Focal Technologies' "Ray" technology concentrates solar energy, much like utility-scale solar power projects, which have proliferated in the Southwest. But rather than using concentrated solar to generate electricity, it uses that same energy to purify water. Supporters of the "Ray" say it can break down organic waste, as well as industrial chemicals like cyanide and glycol.

"Our system can break down a wide range of contaminants, but we are initially focused on remediating E. coli and other harmful bacteria in human or animal waste streams," said Eric Steinmeyer, CEO and president of Focal Technologies.

The $210,000 grant from Oregon BEST will help Oregon State University researchers study its use on animal waste at an organic dairy. Steinmeyer said the tests are just starting, but they're looking forward to getting information soon to perfect the technology.

Vaughn said the technology could be applied in industrial settings where chemical waste can be a big problem. Vaughn said the "Ray" could potentially help clean up deicing fluid that airports currently use to treat runways. It could also help purify effluent from mining operations, according to Vaughn.

Using the sun's energy to clean water has been done before - and developed in the Northwest. Beaverton-based Puralytics has invented three products in the last several years aimed at using sunlight to purify water.

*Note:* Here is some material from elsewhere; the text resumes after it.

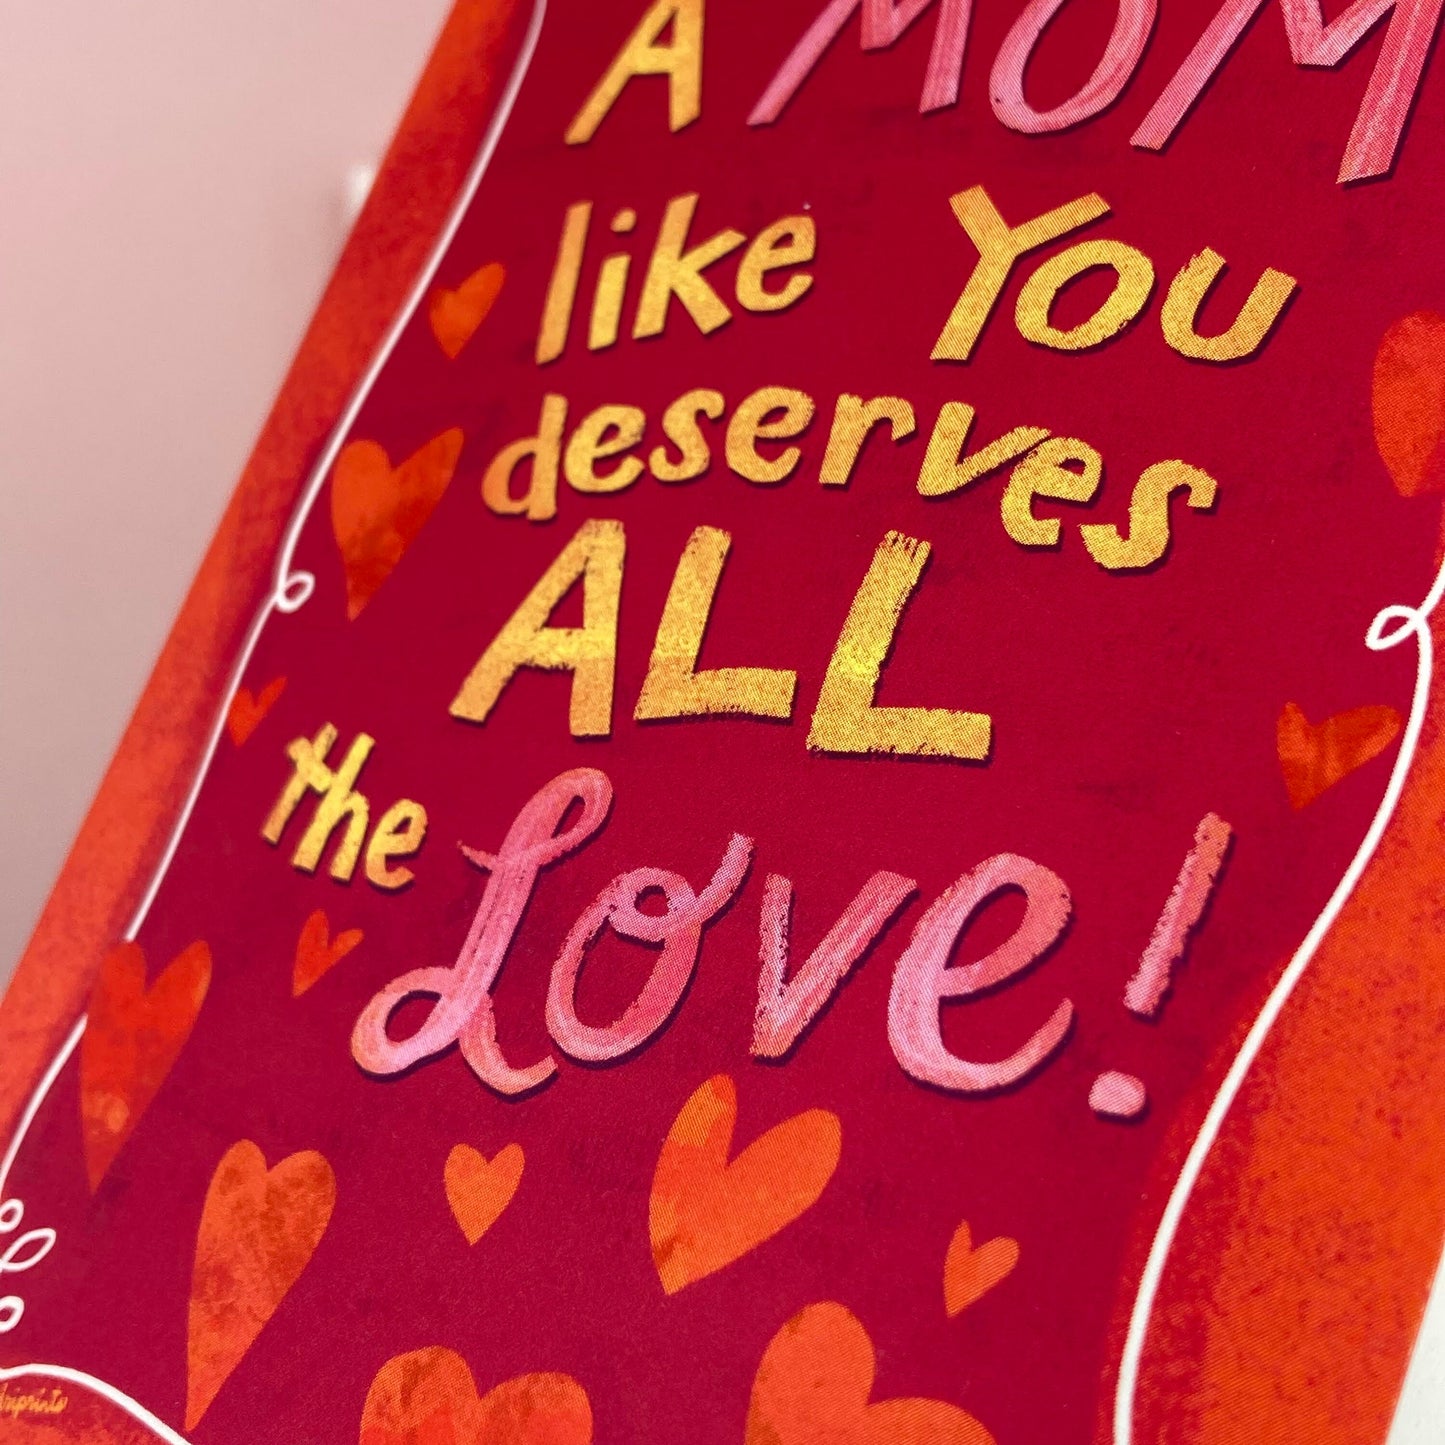 LOVE - Mom Deserves Love - Greeting Card for Mom, Sister, Grandma, Mom Friends, art by Adriana Bergstrom (Adriprints)

One of the products uses specialized plastic bags to clean water - a technology that could be particularly attractive to ecology-minded backcountry hikers.  It won a $250,000 prize in the 2010 CleanTech Open.

The second looks like a set of lily pads that sit on top of a water source and clean it. That nanotechnology earned a $53,000 grant from Oregon BEST in 2013, for the promise it showed at cleaning up small water sources. Again, hikers could use it, or it could possibly gain use in the developing world where there's demand for technology that can clean water at a low-cost with minimal energy.

And third, Puralytics has a technology it calls "The Disaster Water Shield," a larger water purification system that can use the sun's rays to clean more than 160 gallons per hour. As its name suggests, one of its intended uses is to clean up water after a natural disaster or other major problem with a local water source.